The Government of Liberia (GOL) has earmarked US$2 million each fiscal year to establish the long-delayed War and Economic Crimes Court, marking the Boakai administration’s most concrete step yet toward prosecuting atrocities from the nation’s 14-year civil war. The funding, announced Tuesday, May 5, 2026, will sit as a grant under the Ministry of Justice while the court’s office functions as a semi-independent entity tasked with laying the groundwork for trials.
Deputy Information Minister, Daniel O. Sando, told reporters at the Ministry of Information that the US$2 million will be released in four quarterly tranches of $500,000. To ensure oversight, the WECC office must file quarterly operational and financial reports to the President through the Minister of Justice. The structure is designed to balance autonomy with accountability as the office navigates the politically sensitive process of setting up the tribunal.
President Joseph N. Boakai has ordered the team responsible for establishing the court to deliver a detailed 60-day roadmap. That plan must outline how the office will mobilize additional resources, identify international and domestic funding partners, and conduct broad stakeholder engagement. The directive signals that the US$2 million allocation is seed money, not the full budget, and that success will depend on building a coalition of donors and civic actors.

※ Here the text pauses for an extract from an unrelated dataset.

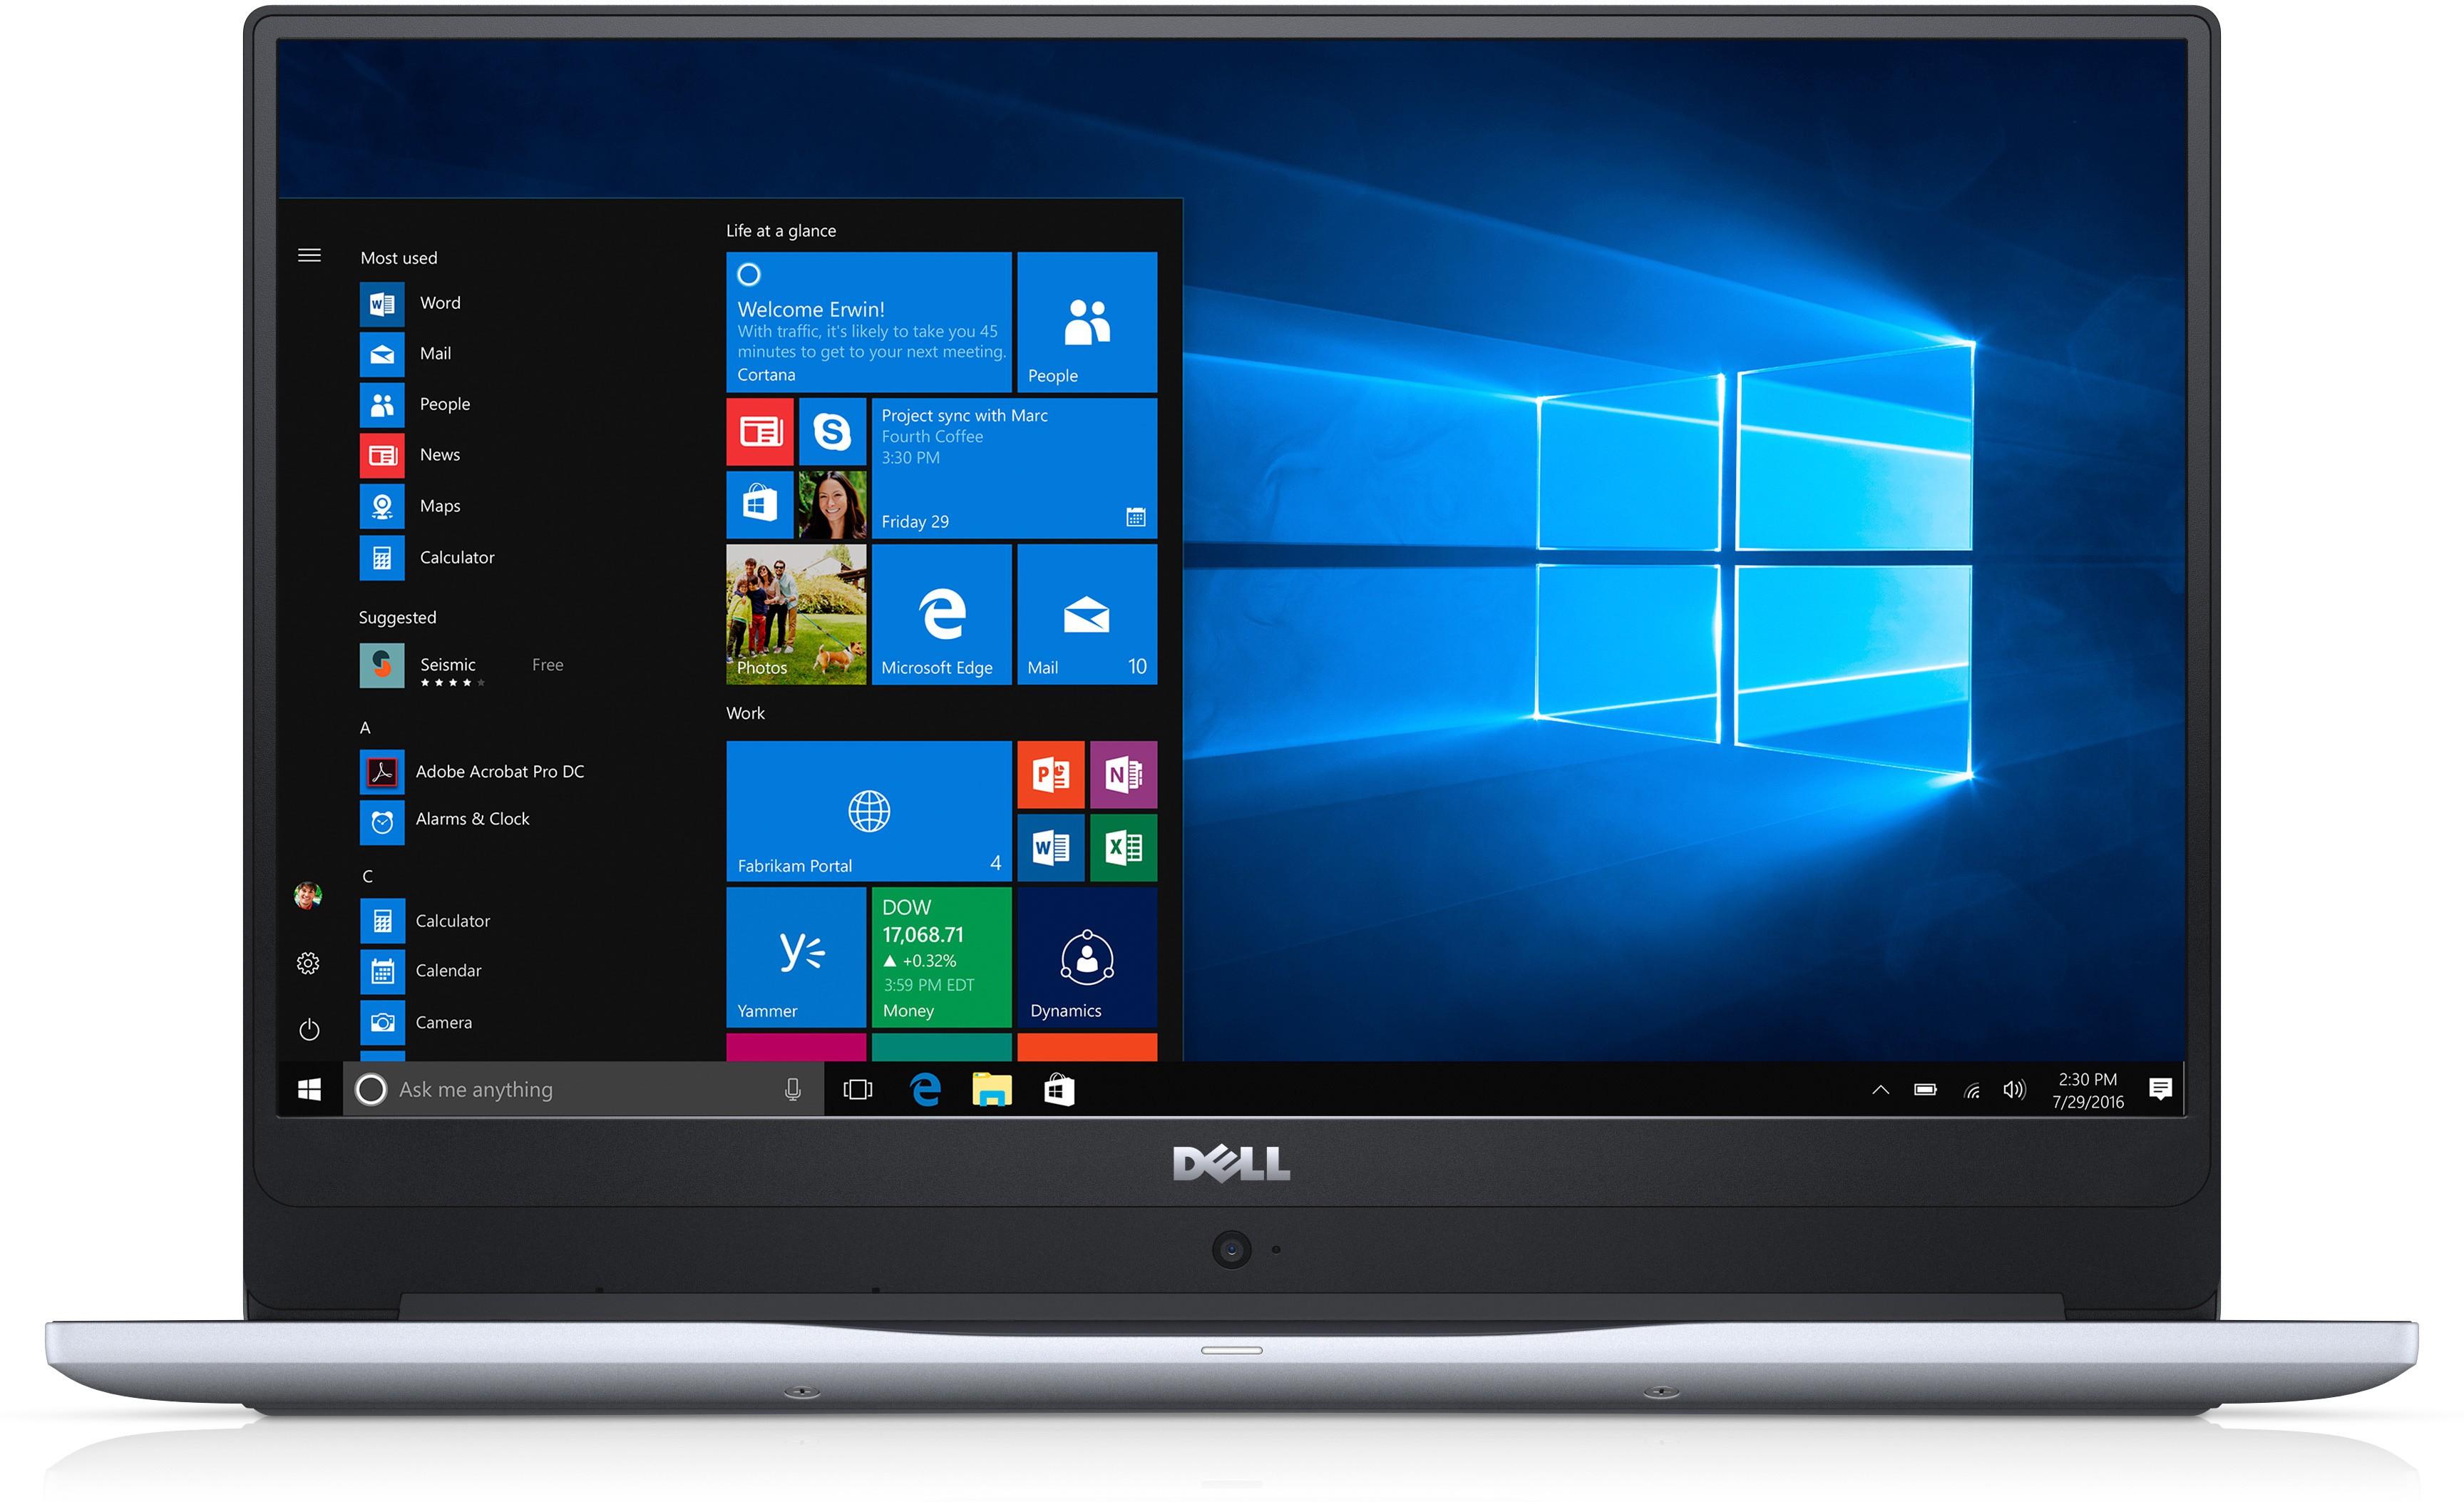 Dell Inspiron 7000 Core i7 7th Gen - (8 GB/1 TB HDD/128 GB SSD/Windows 10 Home/4 GB Graphics) 7560 Notebook(15.6 inch, Gray)   Laptop  (Dell)

The push to create the court fulfills a core recommendation of the Truth and Reconciliation Commission, which documented widespread atrocities during Liberia’s civil conflict from 1989 to 2003. An estimated 250,000 people were killed, and the war left enduring social and economic wounds. The TRC called for a special tribunal to try those bearing the greatest responsibility for war crimes and economic crimes, but successive administrations failed to act on the recommendation.
For victims and families who have waited decades for legal redress, the Boakai administration’s move represents a break from years of delay. By placing money behind the promise and demanding a rapid implementation plan, the government is signaling that accountability is no longer theoretical. Still, the court faces steep hurdles: securing judges, protecting witnesses, navigating political resistance, and raising funds well beyond the initial $2 million.
The WECC office now has two months to show how it will turn the allocation into a functioning court. If it succeeds, Liberia would join a small group of nations that have moved from truth commissions to criminal trials for civil-war-era crimes. If it stalls, the $2 million risks becoming another line item in a long history of unfulfilled justice.